GOAL OF THE EXERCISE: Copy exactly the stretch of data below from the line with "Francoforte : Giovanni" through the line with "樱花旅游日本旅游海报宣传促销旅游海报樱花日本", including both of those lines.

MATERIAL PROVIDED:
== == ==
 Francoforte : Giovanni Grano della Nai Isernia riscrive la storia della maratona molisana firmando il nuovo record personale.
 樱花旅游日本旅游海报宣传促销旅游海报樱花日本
== == ==
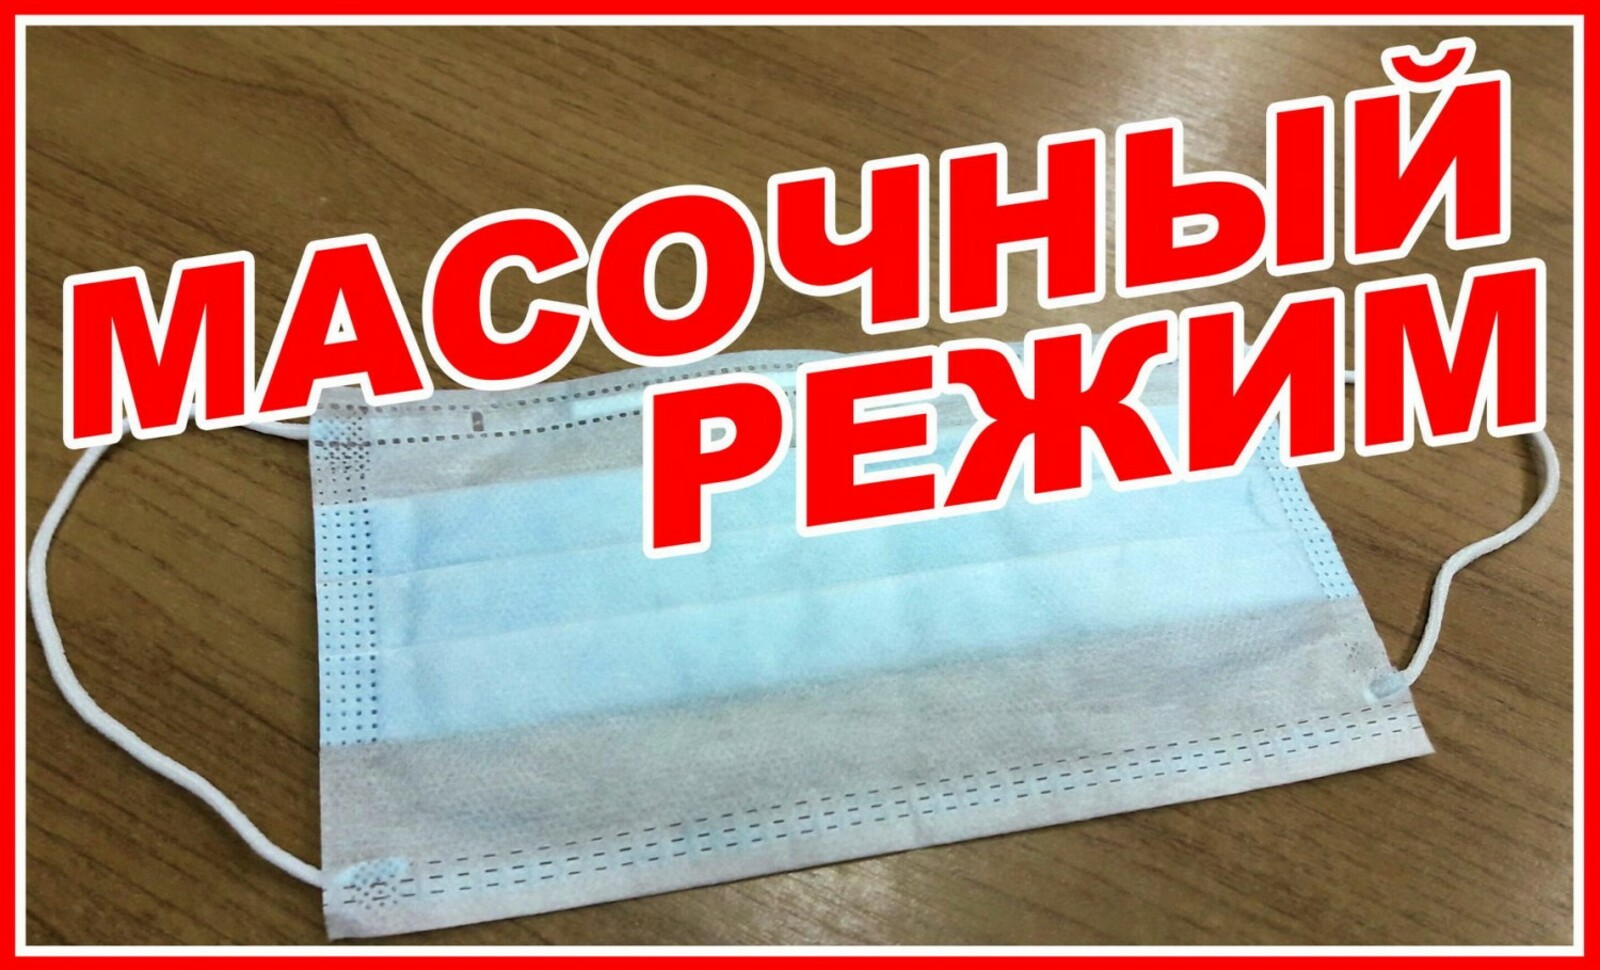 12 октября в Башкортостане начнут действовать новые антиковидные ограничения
== == ==
YOUR SOLUTION:
 Francoforte : Giovanni Grano della Nai Isernia riscrive la storia della maratona molisana firmando il nuovo record personale.
 樱花旅游日本旅游海报宣传促销旅游海报樱花日本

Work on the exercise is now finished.